If you intended to correct an error in the post then please contact us.

Recommended Posts

Hi =) I thought that many many triangles were the cause of a low FPS.. and another little cause were large textures. instead I''ve a low performance with small texture... I don''t use a particular filter (only linear filter).... perhaps I must use more filters? My textures are 100X100 bitmap... they aren''t big.. Can you give me an advise? PS. I render meshes grouped for type (i.e first all trees, then all house, then all rock... ecc) thanks!!!

Share this post


Link to post
Share on other sites
Advertisement
First off you should make your texturesize power of 2 (ie. 64x64, 128x128, 256x256 etc). At least that would make the memory management more efficenly, though I doubt it is the casue of your performance-hit.

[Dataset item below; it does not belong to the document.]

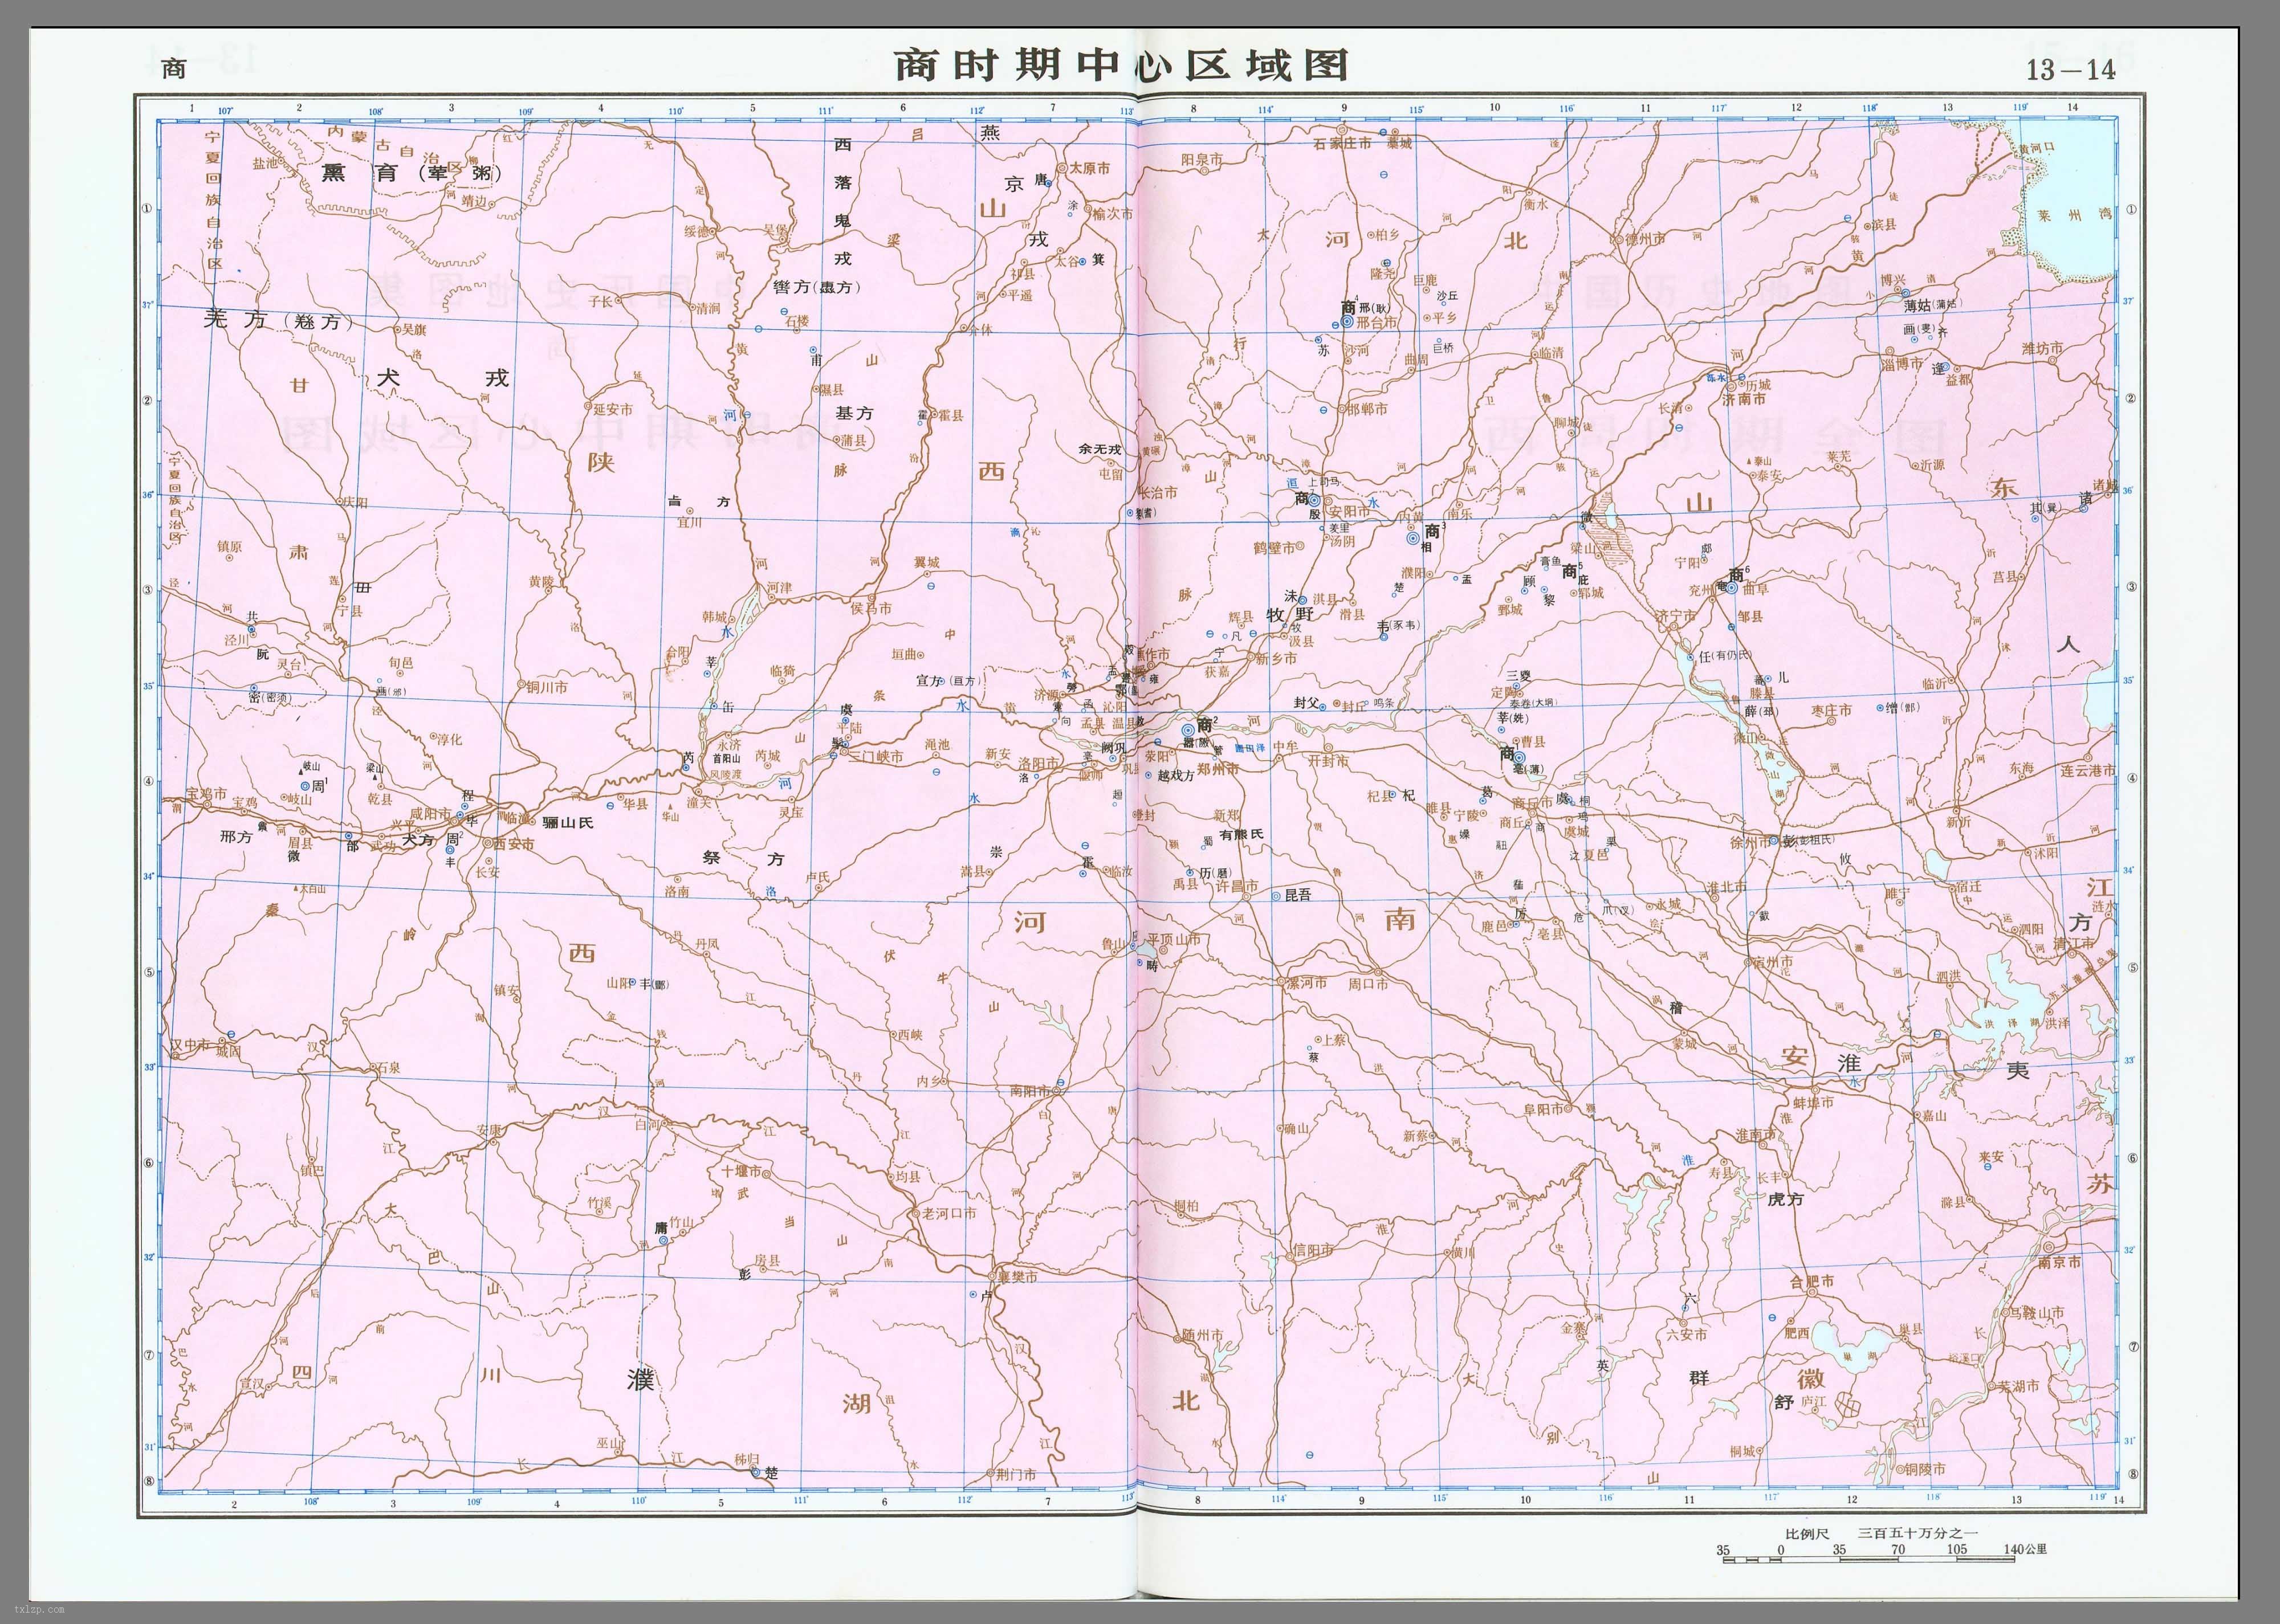 中国商朝时期中心区域地图全图高清版

What kind of hardware are you running, and how many object do you actually render? And is it smooth without textures?

MenTaL

Share this post


Link to post
Share on other sites
A few more things:

1) Group your rendering by texture so that you avoid calling SetTexture more than once for the same texture if at all possible.

2) Use mip mapping, this helps a lot if the texture has to be minified.

3) Don''t render too few triangles per Draw* call - if each Draw*Primitive renders less than say 100 polygons, it''ll hurt your performance.

--
Simon O''Connor
Creative Asylum Ltd
www.creative-asylum.com

Share this post


Link to post
Share on other sites
Can you elaborate why calling draw* with less then 100 poly's would hurt performance? And how bad of a hit is it using vertexbuffers ( since you only draw 2 triangles per quad) for drawing UI's for example ?

[edited by - Oordeel on March 24, 2003 10:55:41 AM]

Share this post


Link to post
Share on other sites
quote:
Can you elaborate why calling draw* with less then 100 poly's would hurt performance? And how bad of a it is it using vertexbuffers ( since you only draw 2 triangles per quad) for drawing UI's for example ?


1) There is a CPU cost in calling the API, internal processing in the D3D runtime, device driver interaction etc. If you're passing less than 100 polys per call, then the CPU "setup" costs can be much higher than the time it takes for the hardware to actually render those polygons.

2) Each draw call gets turned into a "command" ("draw these, using this"), these go into a list, usually FIFO. The graphics chip sucks these commands out of the FIFO for processing. The size and nature of the FIFO is dependent on the driver and chip - but they are often fixed in length. Once the FIFO is full, no new commands can be added until the first in the list has been processed - i.e. read by the chip.

3) The combination of the above two things also means that as well as the CPU stalling until there is room in the FIFO (and effectively killing parallelism - which is key to good performance!), the GPU will be starved of data so rendering much less than it could be per frame.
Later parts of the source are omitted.